Numerous other designers — including Diane von Furstenberg, for whom Rogers used to work; Joseph Altuzarra; Pyer Moss’ Kerby Jean-Raymond; Alejandra Alonso Rojas; Victor Glemaud; Danielle Frankel, and Adam Selman — were seated front row, expressing their support for one of American fashion’s most promising talents.

Rogers, a finalist in this year’s CFDA/Vogue Fashion Fund Awards, was the picture of calm backstage before the show, where he revealed that the concept of “clowns on vacation” inspired his spring collection.

“I really looked at the idea of clowns and Italian and French Pierrots, characters that make you laugh,” said the designer, adding that he also combined period references — from both 1919 and the Eighties — which were reflected in drop waists and puffy volumes that popped up here and there.

In keeping with the Pierrot theme, Rogers opened the show with a hyper-puffy iridescent green dress featuring a maxi collar that framed the face, while a tiger-print frock had a low waist defined by a duchesse sash with a giant bow, an effect also seen on a charming skirt suit splashed with an upholstery-inspired floral pattern. Different checkered motifs were mixed and matched on a ruffled top paired with a tiered wrap skirt, its flamboyancy counterbalanced by a chic emerald tailored suit decorated with a charming black flower.

Neon colors, shimmering effects, clashing print combinations and super puffy volumes definitely stole the spotlight.
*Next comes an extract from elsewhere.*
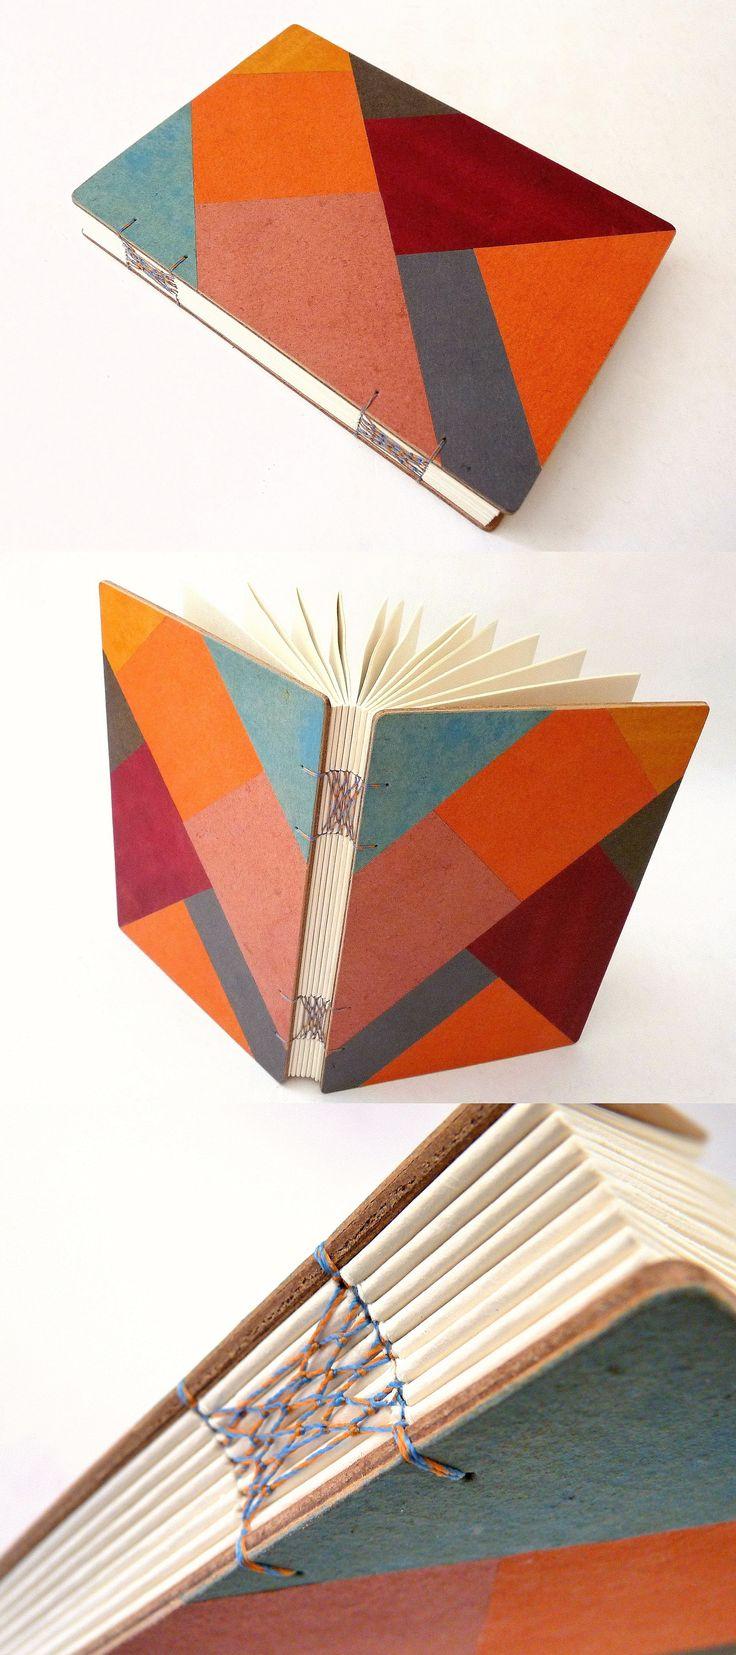 Encadernação macramê, capa com mosaico em recouro. Luisa Gomes Cardoso para o Canteiro de Alfaces
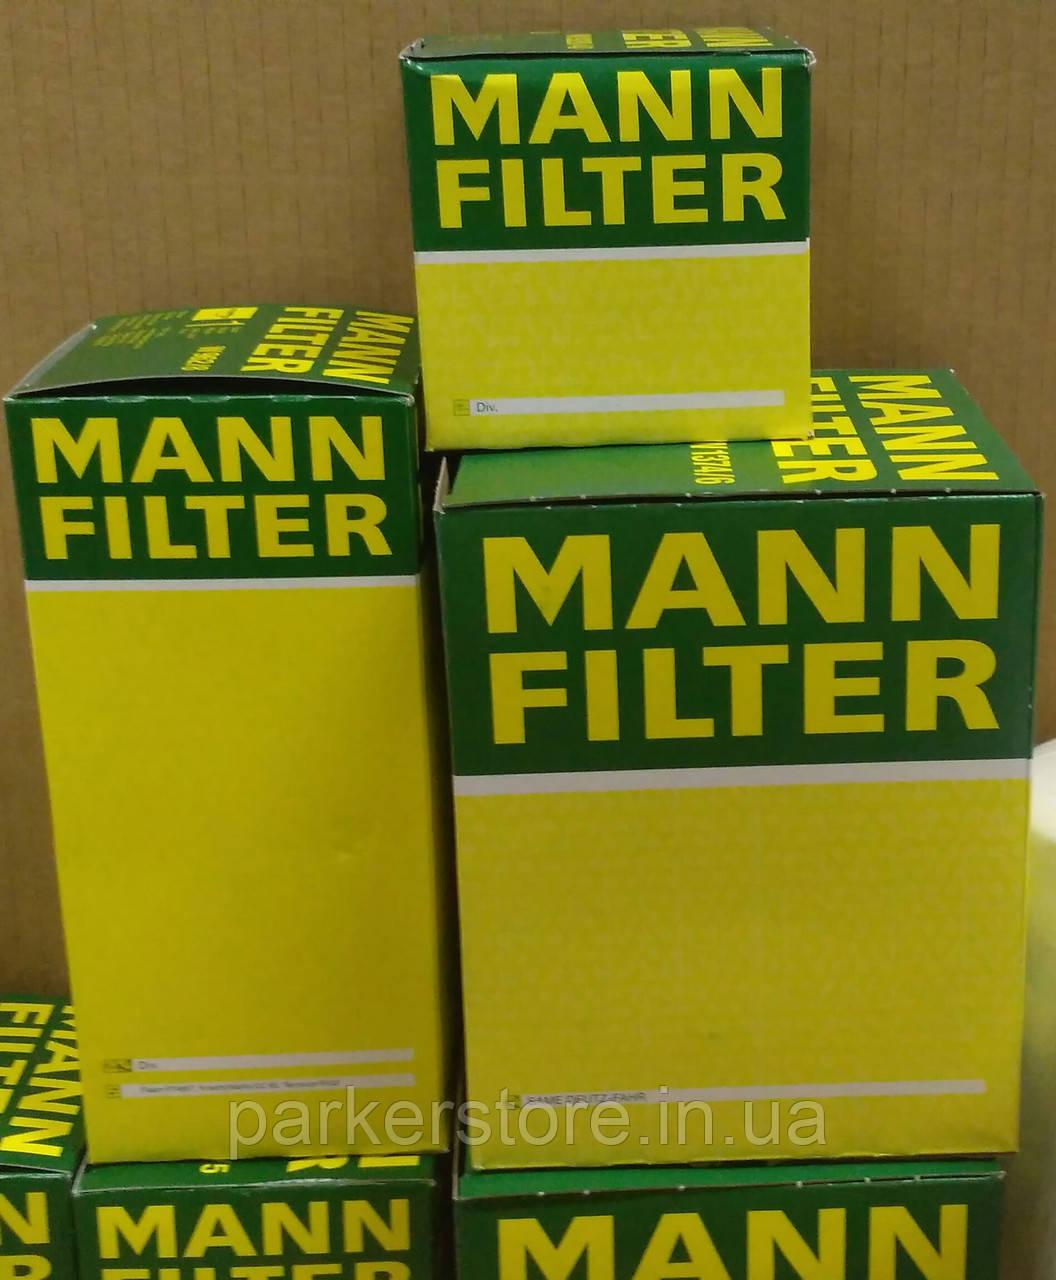 MANN FILTER / Повітряний фільтр / C 27 230 / C27230

And for all the over-the-top exuberance, Rogers proved he was able to deliver more wearable options that will appeal to real customers: The silk shirts punctuated by micro-crystal floral embroideries, the voluminous pants worn with a belted white blazer, as well as a streamlined pencil skirt paired with a silk top that exuded timeless elegance, were desirable options for women keen to amp up their wardrobe with pieces that work the easy side of flamboyance.

Often outrageous and irreverent, the collection exuded a joie de vivre, passion and creativity. Rogers showed an impressive — and daring — color sensibility, taking some risks by challenging the limits between good and bad taste. He never crossed the line, however, thanks to a personal fashion language rooted in irony and playfulness.

Did Rogers’ guests like the show? They actually went wild when he took a bow. A sign of good things to come!